» Exercise description
Among the lines below, keep only those from the one containing "신림 국가대표.png" through the one containing "Sandro e Cícero. Foto: Divulgação", and reproduce them exactly.

» Task data
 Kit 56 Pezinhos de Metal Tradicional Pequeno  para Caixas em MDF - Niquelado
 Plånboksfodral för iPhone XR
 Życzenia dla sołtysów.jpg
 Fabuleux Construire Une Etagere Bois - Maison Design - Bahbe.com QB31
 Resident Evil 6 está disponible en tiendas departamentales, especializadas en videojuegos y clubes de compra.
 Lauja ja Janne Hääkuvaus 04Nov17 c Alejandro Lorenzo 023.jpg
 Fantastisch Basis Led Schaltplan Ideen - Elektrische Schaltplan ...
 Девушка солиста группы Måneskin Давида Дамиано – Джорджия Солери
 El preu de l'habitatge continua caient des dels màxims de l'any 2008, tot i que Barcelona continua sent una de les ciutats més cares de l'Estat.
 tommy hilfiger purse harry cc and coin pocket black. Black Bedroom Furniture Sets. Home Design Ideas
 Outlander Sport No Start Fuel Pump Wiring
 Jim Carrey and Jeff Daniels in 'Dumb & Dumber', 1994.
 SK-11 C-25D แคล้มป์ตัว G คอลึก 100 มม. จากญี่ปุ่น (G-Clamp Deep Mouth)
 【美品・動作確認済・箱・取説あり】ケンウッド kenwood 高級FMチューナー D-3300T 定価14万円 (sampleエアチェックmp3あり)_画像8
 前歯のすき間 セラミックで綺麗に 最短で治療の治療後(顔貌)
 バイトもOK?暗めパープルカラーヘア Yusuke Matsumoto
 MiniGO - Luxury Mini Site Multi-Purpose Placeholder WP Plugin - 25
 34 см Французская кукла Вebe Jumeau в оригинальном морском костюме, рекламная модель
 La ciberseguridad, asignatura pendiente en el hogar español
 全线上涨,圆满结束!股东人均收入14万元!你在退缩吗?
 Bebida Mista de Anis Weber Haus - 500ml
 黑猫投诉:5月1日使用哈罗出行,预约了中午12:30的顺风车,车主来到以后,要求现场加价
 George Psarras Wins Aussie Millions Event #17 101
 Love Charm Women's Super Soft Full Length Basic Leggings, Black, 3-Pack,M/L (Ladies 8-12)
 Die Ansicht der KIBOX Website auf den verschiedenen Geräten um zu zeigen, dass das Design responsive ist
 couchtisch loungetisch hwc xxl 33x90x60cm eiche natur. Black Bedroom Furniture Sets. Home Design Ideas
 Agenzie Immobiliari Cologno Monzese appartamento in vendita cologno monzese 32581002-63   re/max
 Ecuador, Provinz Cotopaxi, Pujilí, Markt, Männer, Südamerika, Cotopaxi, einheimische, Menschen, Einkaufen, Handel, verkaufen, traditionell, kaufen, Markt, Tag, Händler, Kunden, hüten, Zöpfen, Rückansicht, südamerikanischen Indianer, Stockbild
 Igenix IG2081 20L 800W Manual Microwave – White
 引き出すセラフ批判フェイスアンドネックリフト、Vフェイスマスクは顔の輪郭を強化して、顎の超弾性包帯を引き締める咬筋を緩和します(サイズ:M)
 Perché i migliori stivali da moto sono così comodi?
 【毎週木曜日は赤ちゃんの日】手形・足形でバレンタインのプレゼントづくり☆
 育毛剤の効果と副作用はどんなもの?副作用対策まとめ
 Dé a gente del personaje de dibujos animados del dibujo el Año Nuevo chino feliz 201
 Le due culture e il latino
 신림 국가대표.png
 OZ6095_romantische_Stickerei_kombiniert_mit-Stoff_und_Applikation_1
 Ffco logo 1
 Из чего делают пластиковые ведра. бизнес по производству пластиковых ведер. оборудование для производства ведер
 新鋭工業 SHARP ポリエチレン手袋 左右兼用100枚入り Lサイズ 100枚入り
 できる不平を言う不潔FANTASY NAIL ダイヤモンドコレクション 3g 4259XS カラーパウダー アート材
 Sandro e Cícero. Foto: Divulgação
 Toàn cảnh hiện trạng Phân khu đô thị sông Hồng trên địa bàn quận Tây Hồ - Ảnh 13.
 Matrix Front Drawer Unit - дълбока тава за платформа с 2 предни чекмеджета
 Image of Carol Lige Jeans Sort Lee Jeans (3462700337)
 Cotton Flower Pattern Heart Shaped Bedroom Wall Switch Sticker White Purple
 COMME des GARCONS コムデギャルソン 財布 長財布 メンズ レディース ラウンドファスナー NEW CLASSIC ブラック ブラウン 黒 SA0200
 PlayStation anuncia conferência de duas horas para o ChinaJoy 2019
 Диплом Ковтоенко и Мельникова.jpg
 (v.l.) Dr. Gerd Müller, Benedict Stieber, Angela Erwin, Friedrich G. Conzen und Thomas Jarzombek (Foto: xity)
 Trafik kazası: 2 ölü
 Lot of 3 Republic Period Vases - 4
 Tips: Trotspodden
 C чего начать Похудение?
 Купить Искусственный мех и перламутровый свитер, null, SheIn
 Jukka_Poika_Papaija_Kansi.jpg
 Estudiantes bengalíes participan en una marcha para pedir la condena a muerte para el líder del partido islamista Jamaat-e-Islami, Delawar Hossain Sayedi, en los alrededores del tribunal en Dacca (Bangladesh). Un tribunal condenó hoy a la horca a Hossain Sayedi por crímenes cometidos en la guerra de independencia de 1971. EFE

» Answer to the problem
 신림 국가대표.png
 OZ6095_romantische_Stickerei_kombiniert_mit-Stoff_und_Applikation_1
 Ffco logo 1
 Из чего делают пластиковые ведра. бизнес по производству пластиковых ведер. оборудование для производства ведер
 新鋭工業 SHARP ポリエチレン手袋 左右兼用100枚入り Lサイズ 100枚入り
 できる不平を言う不潔FANTASY NAIL ダイヤモンドコレクション 3g 4259XS カラーパウダー アート材
 Sandro e Cícero. Foto: Divulgação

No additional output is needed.